9. [Belanghebbende] heeft met zijn vervoersactiviteiten voor verschillende personen ritten verricht, die hij in 2015 allemaal via Uber heeft gekregen. Uit het dossier en het verklaarde ter zitting is gebleken dat naast de betalingen ook een groot aantal andere zaken rondom het personenvervoer werd gefaciliteerd door Uber en dat Uber in feite bepaalde onder welke voorwaarden mag worden gereden. [Belanghebbende] heeft in dat verband verklaard dat hij van Uber aan een aantal voorwaarden moest voldoen voordat hij namens Uber als chauffeur mocht optreden. Zo diende [belanghebbende] een verklaring omtrent gedrag te overleggen, een bepaalde leeftijd te hebben, te verschijnen op het kantoor van Uber om een examen te doen en een overeenkomst te tekenen. Voorts werd bekeken of [belanghebbendes] eigen auto waarmee hij de ritten zou maken, voldeed aan de standaard van Uber. Daarnaast was [belanghebbende] verplicht een commissie te betalen aan Uber om gebruik te kunnen maken van haar diensten, zoals het platform waarmee [belanghebbende] de aangeboden ritten kon accepteren, en konden bij Uber trainingen gevolgd worden.
Naar het oordeel van de rechtbank kon [belanghebbende] daarbij niet zelfstandig de ritprijs bepalen. [Belanghebbende] heeft ter zitting weliswaar onweersproken gesteld dat de ritprijs varieert als gevolg van vraag en aanbod, maar tegenover de gemotiveerde betwisting van [de Inspecteur] heeft [belanghebbende] niet aannemelijk gemaakt dat hij enige invloed heeft op de hoogte van de ritprijs.

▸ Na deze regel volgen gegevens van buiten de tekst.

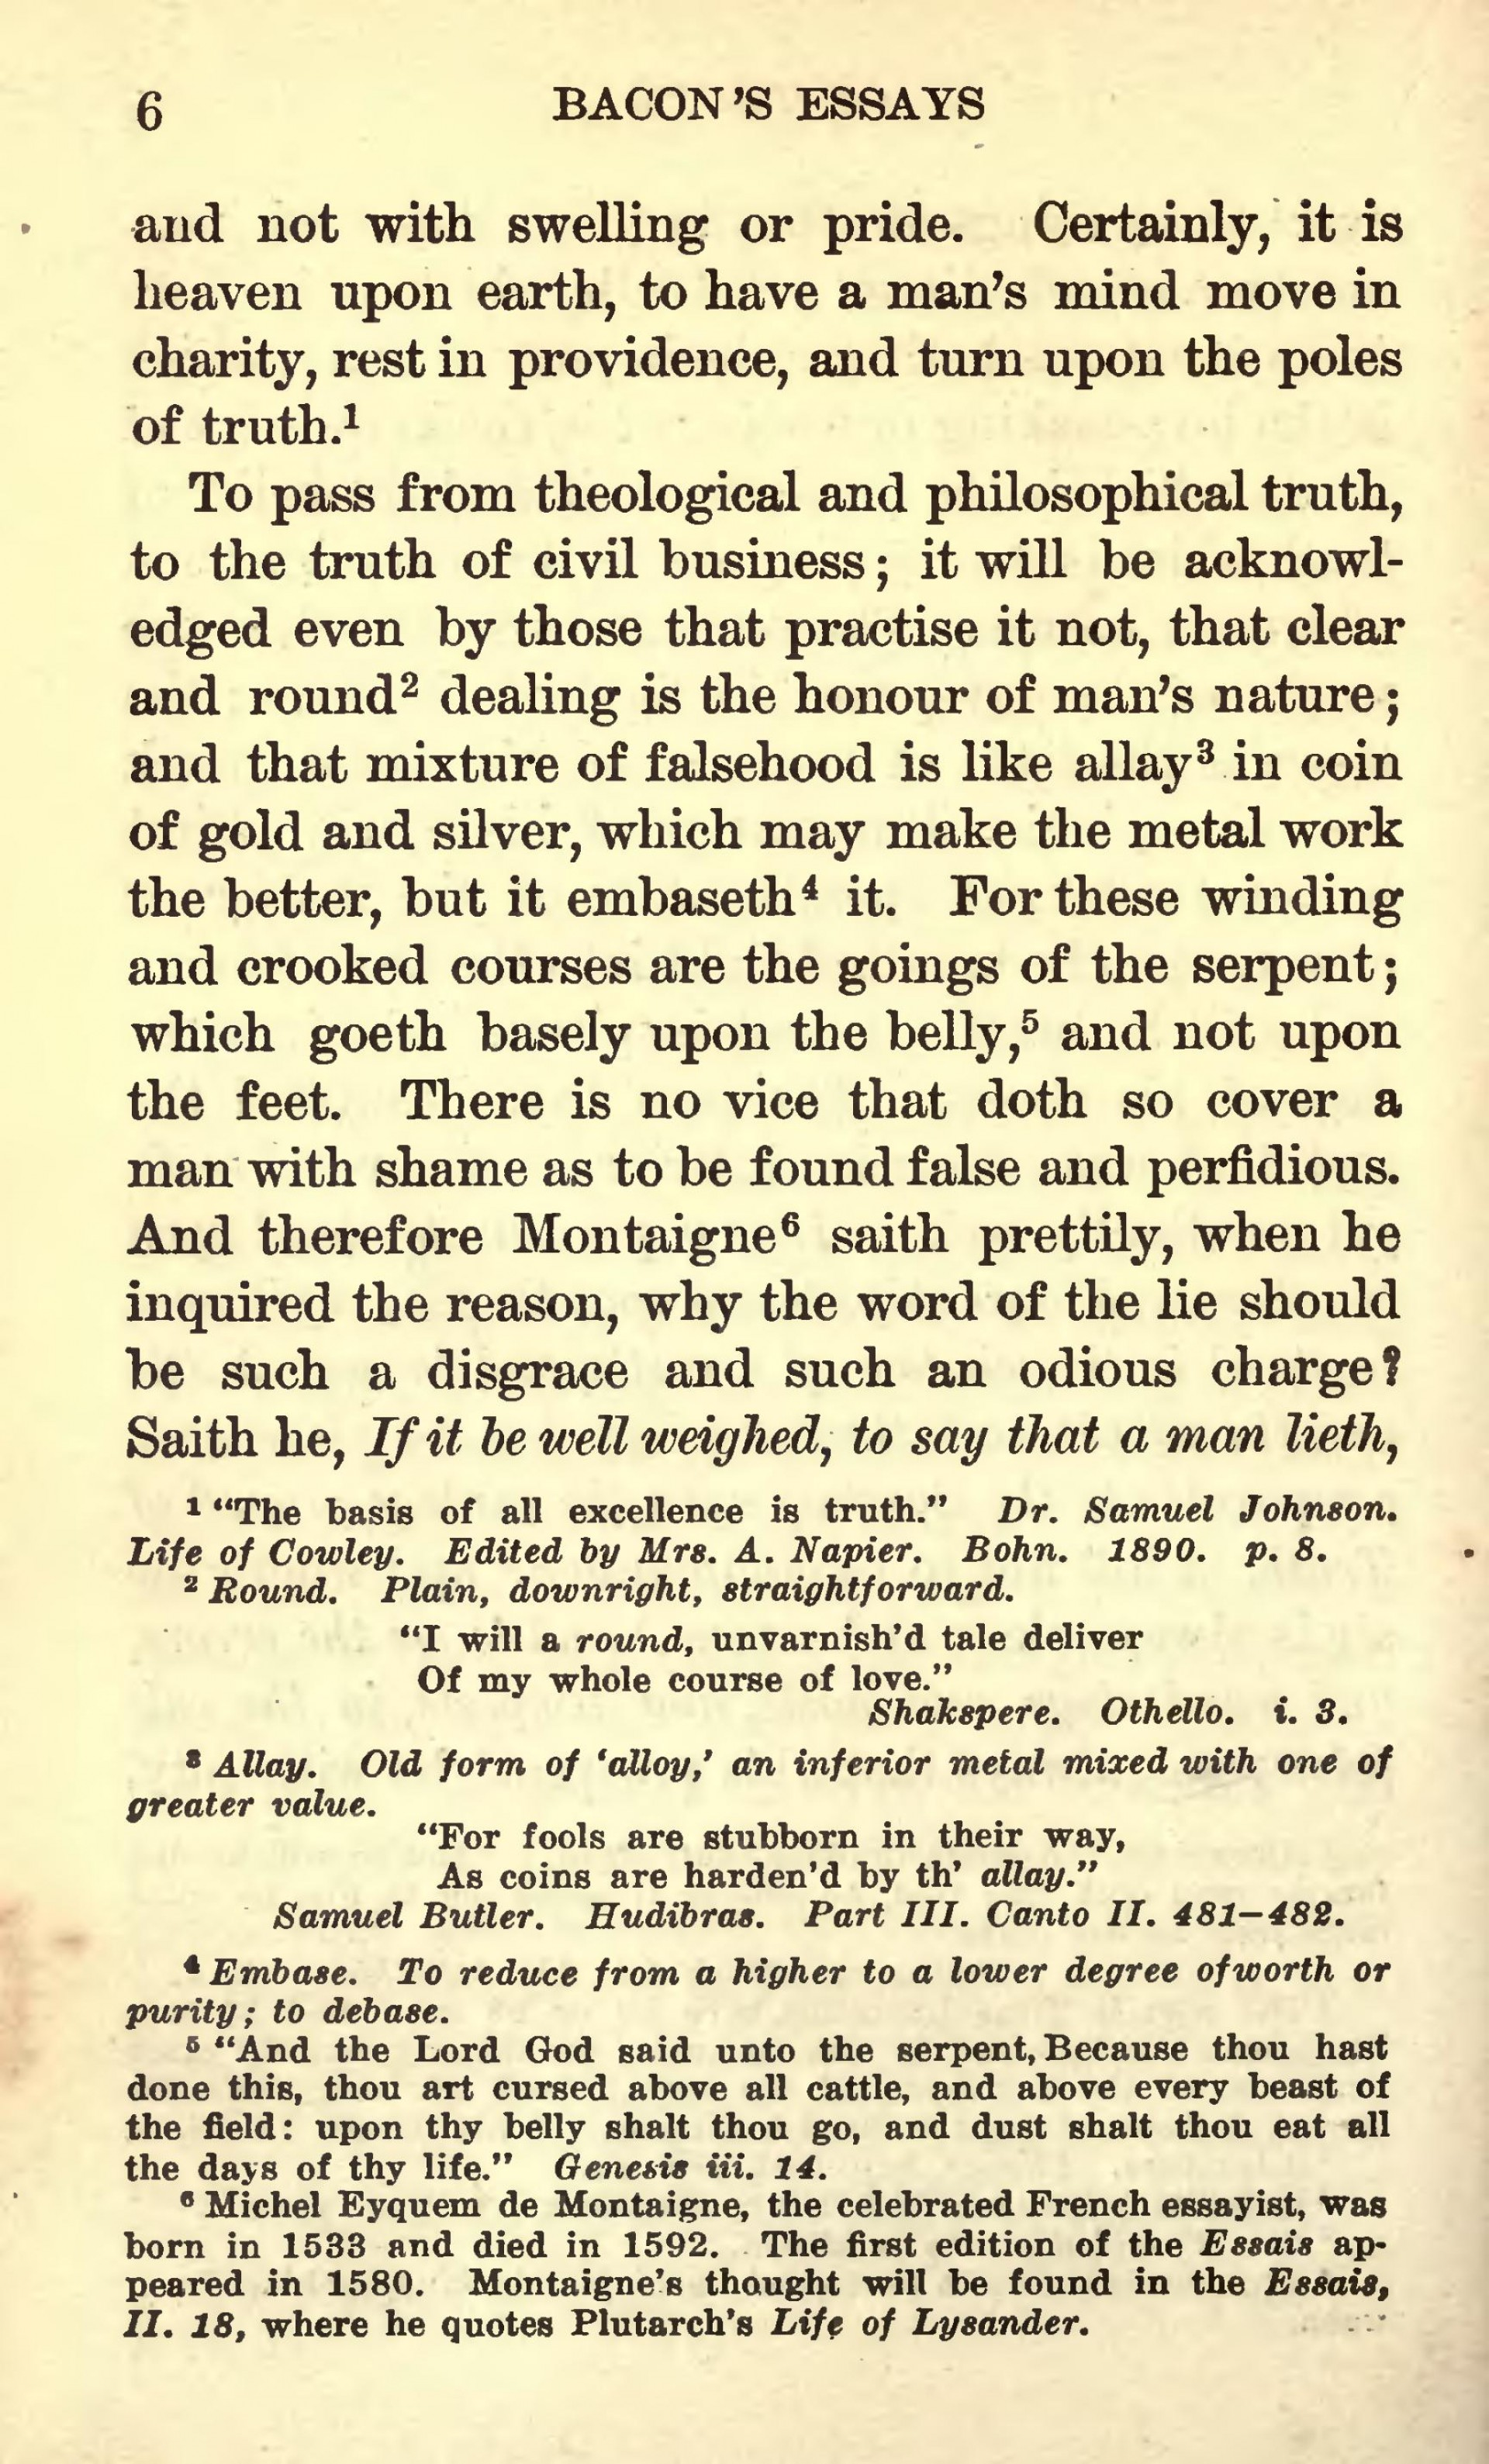 009 Page116 1728px Of Francis Bacon 1908 Scott Djvu Essay Example Bacons Amazing Essays Google Books Truth Quiz Bacon's Summary 1920

Wel bepaalt [belanghebbende] zelf wanneer en hoeveel uren hij beschikbaar is om ritten uit te voeren en welke ritten hij vervolgens accepteert. [Belanghebbende] heeft verder verklaard dat hij niet zichtbaar is als Uber-chauffeur en dit aan de auto ook niet te zien is, omdat dit niet is toegestaan. En voorts dat hij inmiddels over een taxipas beschikt en de vervoersactiviteiten nu voor een groot deel bestaan uit luchthavenritten via regulier taxivervoer, zonder tussenkomst van Uber, en dat hij Uber dan gebruikt als aanvulling om de terugweg op te vullen. Met betrekking tot het lopen van ondernemersrisico heeft [belanghebbende] aangevoerd dat hij risico loopt doordat hij in 2015 (en ook in andere jaren) verschillende activiteiten heeft geprobeerd te ontplooien. Voor wat betreft de vervoersactiviteiten stelt [belanghebbende] dat hij zelf opdraait voor eventuele schade aan zijn auto. Daartegenover heeft [de Inspecteur] gesteld dat deze risico’s in het geval van [belanghebbende] niet van wezenlijke betekenis zijn. [De Inspecteur] wijst erop dat [belanghebbende] verzekerd is van inkomen doordat hij enkel een app of een website hoeft op te starten en vervolgens de aangeboden ritten hoeft te accepteren.
10. De rechtbank concludeert gelet op het voorgaande dat sprake is van één opdrachtgever en dat de mate van zelfstandigheid waaronder de vervoersactiviteiten werden verricht in 2015 gering was. Niet is gebleken dat en in welke mate [belanghebbende] investeringen heeft gedaan ten behoeve van zijn vervoersactiviteiten. [Belanghebbende] beschikte reeds over een auto en voor de werkzaamheden voor Uber was geen taxipas nodig en die had [belanghebbende] in 2015 ook niet. Voorts is gesteld noch gebleken van enige bekendheid die naar buiten aan de werkzaamheden werd gegeven. Van enige duurzaamheid op het gebied van het personenvervoer is wellicht inmiddels sprake, maar de werkzaamheden voor Uber zijn volgens [belanghebbende] inmiddels juist aanvullend van aard geworden en - zo de rechtbank begrijpt - dus afgenomen.
11. Gelet op het bovenstaande heeft [belanghebbende] naar het oordeel van de rechtbank tegenover de gemotiveerde betwisting door [de Inspecteur] niet aannemelijk gemaakt dat hij in die mate aan de onder 8. genoemde criteria heeft voldaan dat in 2015 sprake is van een onderneming. [De Inspecteur] heeft de inkomsten dan ook terecht belast als resultaat uit overige werkzaamheden. Daarmee heeft [belanghebbende] geen recht op ondernemersfaciliteiten. Of [belanghebbende] aan het urencriterium voldoet behoeft daarmee geen beoordeling meer.
12. Op grond van artikel 3.95 van de Wet IB 2001 wordt het resultaat bepaald met
overeenkomstige toepassing van onder andere artikel 3.20 van de Wet IB 2001 alsof de werkzaamheid een onderneming vormt. Artikel 3.20 van de Wet IB 2001 regelt het privé gebruik van de auto wanneer aan de belastingplichtige ook voor privédoeleinden een auto ter beschikking staat en bepaalt dat de auto in ieder geval geacht wordt ook voor privédoeleinden ter beschikking te staan tenzij blijkt dat de auto op jaarbasis voor niet meer dan 500 kilometer voor privédoeleinden wordt gebruikt. Nu dat laatste gesteld noch gebleken is, heeft [de Inspecteur] terecht artikel 3.20 van de Wet IB 2001 toegepast.
13. Gelet op wat hiervoor is overwogen is het beroep ongegrond verklaard."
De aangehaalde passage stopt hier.